◆ **Your goal**
Write out the complete data exactly as written.

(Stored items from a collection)
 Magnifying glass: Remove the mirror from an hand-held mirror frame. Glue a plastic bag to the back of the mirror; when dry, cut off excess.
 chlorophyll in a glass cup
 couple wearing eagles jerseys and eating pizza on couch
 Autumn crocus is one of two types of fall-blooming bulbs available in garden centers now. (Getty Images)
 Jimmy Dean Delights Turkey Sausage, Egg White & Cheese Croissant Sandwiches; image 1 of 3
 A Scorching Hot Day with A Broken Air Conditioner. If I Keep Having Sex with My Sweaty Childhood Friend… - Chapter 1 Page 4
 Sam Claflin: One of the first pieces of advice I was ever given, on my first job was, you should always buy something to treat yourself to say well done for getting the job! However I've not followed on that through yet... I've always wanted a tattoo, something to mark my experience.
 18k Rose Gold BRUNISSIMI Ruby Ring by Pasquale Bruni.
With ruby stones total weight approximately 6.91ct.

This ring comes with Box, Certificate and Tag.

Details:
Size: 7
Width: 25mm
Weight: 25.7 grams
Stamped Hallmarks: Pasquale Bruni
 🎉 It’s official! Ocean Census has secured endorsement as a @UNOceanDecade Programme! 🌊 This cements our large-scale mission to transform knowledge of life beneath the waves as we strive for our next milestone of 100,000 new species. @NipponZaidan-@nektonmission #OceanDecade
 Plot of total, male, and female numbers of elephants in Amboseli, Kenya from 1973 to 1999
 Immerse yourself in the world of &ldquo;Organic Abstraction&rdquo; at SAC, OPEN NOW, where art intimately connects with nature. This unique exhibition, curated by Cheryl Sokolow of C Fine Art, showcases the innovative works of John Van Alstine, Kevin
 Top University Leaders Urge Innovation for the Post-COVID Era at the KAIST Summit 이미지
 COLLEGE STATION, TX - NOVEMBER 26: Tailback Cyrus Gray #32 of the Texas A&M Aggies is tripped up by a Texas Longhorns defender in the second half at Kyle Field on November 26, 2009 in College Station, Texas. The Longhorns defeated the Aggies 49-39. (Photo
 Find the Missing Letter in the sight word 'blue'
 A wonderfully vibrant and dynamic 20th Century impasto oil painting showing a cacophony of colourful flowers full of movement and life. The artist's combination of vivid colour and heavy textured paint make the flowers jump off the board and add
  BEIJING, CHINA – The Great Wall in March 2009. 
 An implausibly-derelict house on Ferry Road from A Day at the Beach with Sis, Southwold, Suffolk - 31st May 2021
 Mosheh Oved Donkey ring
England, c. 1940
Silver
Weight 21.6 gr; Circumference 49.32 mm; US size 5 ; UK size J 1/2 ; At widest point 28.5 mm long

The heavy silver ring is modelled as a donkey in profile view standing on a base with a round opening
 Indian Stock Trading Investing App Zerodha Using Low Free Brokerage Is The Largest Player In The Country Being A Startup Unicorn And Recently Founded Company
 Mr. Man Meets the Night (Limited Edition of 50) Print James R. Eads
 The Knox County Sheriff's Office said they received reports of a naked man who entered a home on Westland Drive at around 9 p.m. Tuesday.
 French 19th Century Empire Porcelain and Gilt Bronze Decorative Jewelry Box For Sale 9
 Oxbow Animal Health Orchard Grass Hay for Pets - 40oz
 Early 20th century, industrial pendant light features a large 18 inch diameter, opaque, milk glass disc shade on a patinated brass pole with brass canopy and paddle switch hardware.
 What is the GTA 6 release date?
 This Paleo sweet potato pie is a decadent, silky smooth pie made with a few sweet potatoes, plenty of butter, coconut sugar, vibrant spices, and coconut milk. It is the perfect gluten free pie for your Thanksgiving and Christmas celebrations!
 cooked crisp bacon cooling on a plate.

◆ **Problem solution**
 Magnifying glass: Remove the mirror from an hand-held mirror frame. Glue a plastic bag to the back of the mirror; when dry, cut off excess.
 chlorophyll in a glass cup
 couple wearing eagles jerseys and eating pizza on couch
 Autumn crocus is one of two types of fall-blooming bulbs available in garden centers now. (Getty Images)
 Jimmy Dean Delights Turkey Sausage, Egg White & Cheese Croissant Sandwiches; image 1 of 3
 A Scorching Hot Day with A Broken Air Conditioner. If I Keep Having Sex with My Sweaty Childhood Friend… - Chapter 1 Page 4
 Sam Claflin: One of the first pieces of advice I was ever given, on my first job was, you should always buy something to treat yourself to say well done for getting the job! However I've not followed on that through yet... I've always wanted a tattoo, something to mark my experience.
 18k Rose Gold BRUNISSIMI Ruby Ring by Pasquale Bruni.
With ruby stones total weight approximately 6.91ct.

This ring comes with Box, Certificate and Tag.

Details:
Size: 7
Width: 25mm
Weight: 25.7 grams
Stamped Hallmarks: Pasquale Bruni
 🎉 It’s official! Ocean Census has secured endorsement as a @UNOceanDecade Programme! 🌊 This cements our large-scale mission to transform knowledge of life beneath the waves as we strive for our next milestone of 100,000 new species. @NipponZaidan-@nektonmission #OceanDecade
 Plot of total, male, and female numbers of elephants in Amboseli, Kenya from 1973 to 1999
 Immerse yourself in the world of &ldquo;Organic Abstraction&rdquo; at SAC, OPEN NOW, where art intimately connects with nature. This unique exhibition, curated by Cheryl Sokolow of C Fine Art, showcases the innovative works of John Van Alstine, Kevin
 Top University Leaders Urge Innovation for the Post-COVID Era at the KAIST Summit 이미지
 COLLEGE STATION, TX - NOVEMBER 26: Tailback Cyrus Gray #32 of the Texas A&M Aggies is tripped up by a Texas Longhorns defender in the second half at Kyle Field on November 26, 2009 in College Station, Texas. The Longhorns defeated the Aggies 49-39. (Photo
 Find the Missing Letter in the sight word 'blue'
 A wonderfully vibrant and dynamic 20th Century impasto oil painting showing a cacophony of colourful flowers full of movement and life. The artist's combination of vivid colour and heavy textured paint make the flowers jump off the board and add
  BEIJING, CHINA – The Great Wall in March 2009. 
 An implausibly-derelict house on Ferry Road from A Day at the Beach with Sis, Southwold, Suffolk - 31st May 2021
 Mosheh Oved Donkey ring
England, c. 1940
Silver
Weight 21.6 gr; Circumference 49.32 mm; US size 5 ; UK size J 1/2 ; At widest point 28.5 mm long

The heavy silver ring is modelled as a donkey in profile view standing on a base with a round opening
 Indian Stock Trading Investing App Zerodha Using Low Free Brokerage Is The Largest Player In The Country Being A Startup Unicorn And Recently Founded Company
 Mr. Man Meets the Night (Limited Edition of 50) Print James R. Eads
 The Knox County Sheriff's Office said they received reports of a naked man who entered a home on Westland Drive at around 9 p.m. Tuesday.
 French 19th Century Empire Porcelain and Gilt Bronze Decorative Jewelry Box For Sale 9
 Oxbow Animal Health Orchard Grass Hay for Pets - 40oz
 Early 20th century, industrial pendant light features a large 18 inch diameter, opaque, milk glass disc shade on a patinated brass pole with brass canopy and paddle switch hardware.
 What is the GTA 6 release date?
 This Paleo sweet potato pie is a decadent, silky smooth pie made with a few sweet potatoes, plenty of butter, coconut sugar, vibrant spices, and coconut milk. It is the perfect gluten free pie for your Thanksgiving and Christmas celebrations!
 cooked crisp bacon cooling on a plate.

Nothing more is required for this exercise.